Calcium and phosphate regulation Flashcards
What is the role of parathyroid hormone (PTH) in calcium homeostasis?
Made by parathyroid glands (sense low serum calcium and increase PTH secretion).
Increases calcitriol formation and decreases excretion of calcium in the kidneys. Regulates conversion of inactive vitamin D (25-OH-D) to active vitamin D (1,25-(OH)2-D).
Stimulates release of calcium and phosphorus from bone.
Where is phosphate reabsorbed from?
Gut.
Kidneys.
How is phosphate reabsorbed from the kidneys?
Via sodium phosphate transporter cells.
Reabsorption of phosphate via these transporters results in less sodium excretion in the urine.
Increased phosphate loss in the urine would lower serum phosphate levels.
Which two factors inhibit renal phosphate reabsorption, and how?
PTH inhibits renal phosphate reabsorption by inhibiting sodium/phosphate transporters, so in primary hyperparathyroidism, serum phosphate is low due to increased urine phosphate excretion.
FGF23- derived from bone, also inhibits phosphate reabsorption in the kidneys by inhibiting sodium/phosphate transporters and also inhibits synthesis of calcitriol, causing less phosphate absorption from the gut.
What are the different causes of vitamin D deficiency?
Diet
Lack of sunlight
GI malabsorption
Coeliac disease
Inflammatory bowel disease
Renal failure
Liver failure
Vitamin D receptor defects (autosomal recessive, rare, resistant to vitamin D treatment)

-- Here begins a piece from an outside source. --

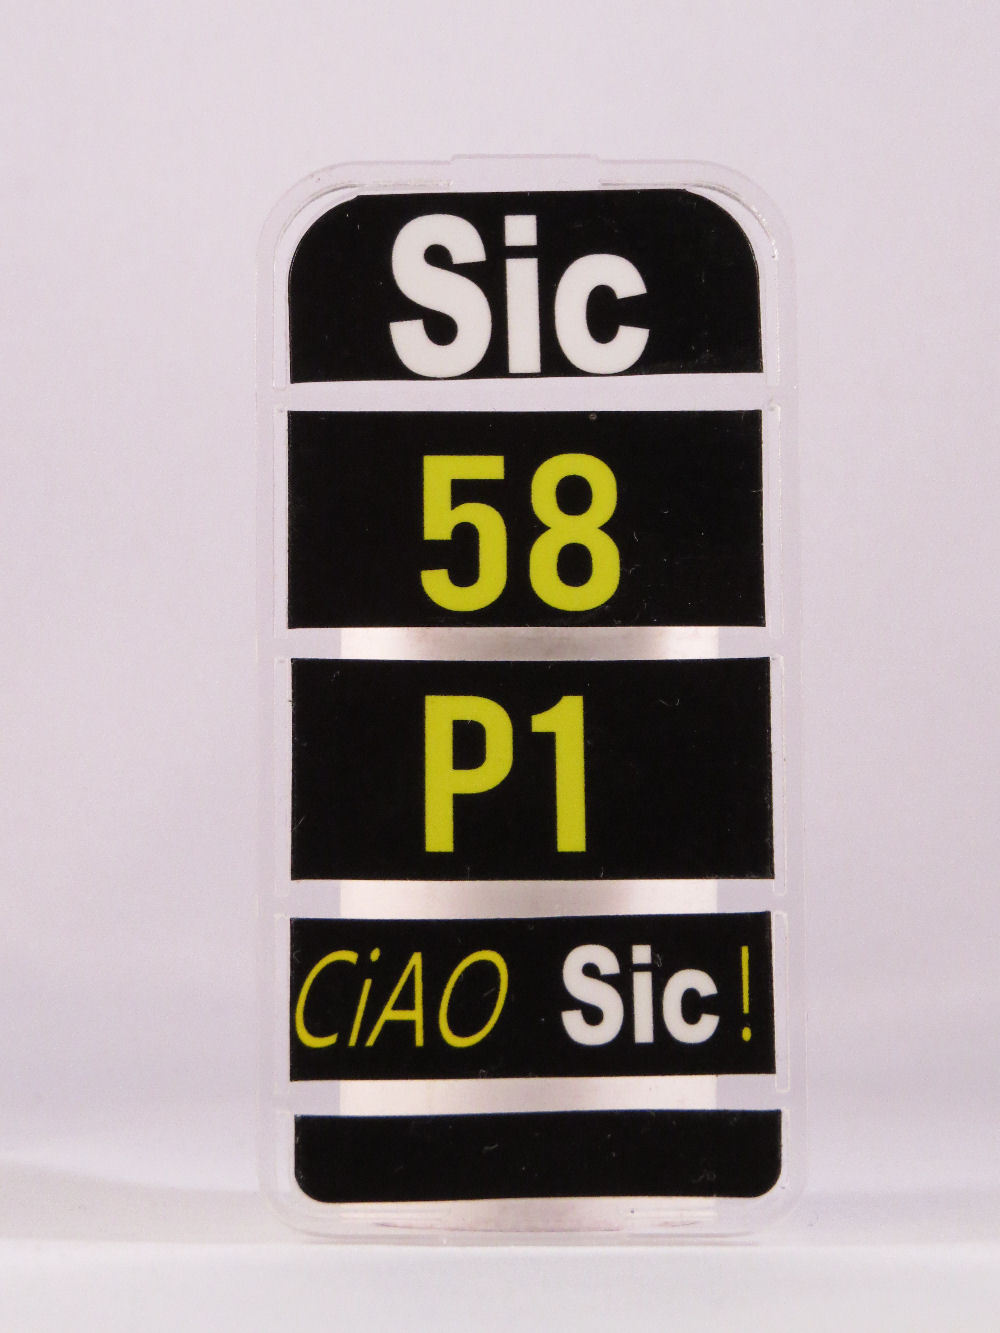 MINICHAMPS MARCO SIMONCELLI PITBOARDS MOTOGP SCALA 1/12 CIAO SIC NEW

How do changes in extracellular calcium affect nerve and skeletal muscle excitability?
To generate and action potential in nerves/ skeletal muscle require Na+ influx across cell membrane.
High extracellular calcium (hypercalcaemia) = Ca2+ blocks Na+ influx, so less membrane excitability.
Low extracellular calcium (hypocalcaemia) = enables greater Na+ influx, so more membrane excitability.
What are the signs and symptoms of hypocalcaemia?
Sensitises excitable tissues
Muscle cramps/tetany
Tingling
Paraesthesia (hands, mouth, feet, lips)
Convulsions
Arrhythmias
What is the normal range of serum Ca2+?
2.2-2.6 mmol/L
What is Chvostek’s sign?
Tap facial nerve just below zygomatic arch.
Positive response = twitching of facial muscles.
Indicates neuromuscular irritability due to hypocalcaemia.
What is Trousseau’s sign?
Inflation of BP cuff for several minutes induces carpopedal spasm = neuromuscular irritability due to hypocalcaemia.
What are the causes of hypocalcaemia?
Vitamin D deficiency.
Low PTH levels = hypoparathyroidism (surgical- neck surgery; autoimmune; magnesium deficiency).
PTH resistance, e.g. pseudohypoparathyroidism.
Renal failure (impaired 1 alpha hydroxylation; decreased production of 1,25-(OH)2-D3).
What are the signs and symptoms of hypercalcaemia?
‘Stones, abdominal moans and psychic groans’.
Reduced neuronal excitability.
Atonal muscles.
Stones- renal effects: • Polyuria • Thirst • Nephrocalcinosis • Renal colic • Chronic renal failure
Abdominal moans- GI effects: • Anorexia • Nausea • Dyspepsia • Constipation • Pancreatitis
Psychic groans- CNS effects: • Fatigue • Depression • Impaired concentration • Altered mentation
Coma (usually >3mmol/L).
What are the possible causes of hypercalcaemia?
Primary hyperparathyroidism.
Malignancy- tumours/metastases often secrete a PTH-like peptide.
Conditions with high bone turnover (hyperthyroidism, Paget’s disease of bone- immobilised patient).
Vitamin D excess (rare).
What are the different vitamin D deficiency states and their characteristics?
Lack of mineralisation in bone.
Results in ‘softening’ of bone, bone deformities, bone pain, severe proximal myopathy.
In children- rickets (leg bowing).
In adults- osteomalacia.
What are the biochemical findings in vitamin D deficiency?
Plasma [25(OH)D3] usually low- don’t measure 1,25-dihydroxy-vitamin D (1,25-(OH)2-D) to assess body vitamin D stores.
Plasma [Ca2+] low (may be normal if secondary hyperparathyroidism has developed).
Plasma [PO43-] low (reduced gut absorption).
[PTH] high (secondary hyperparathyroidism).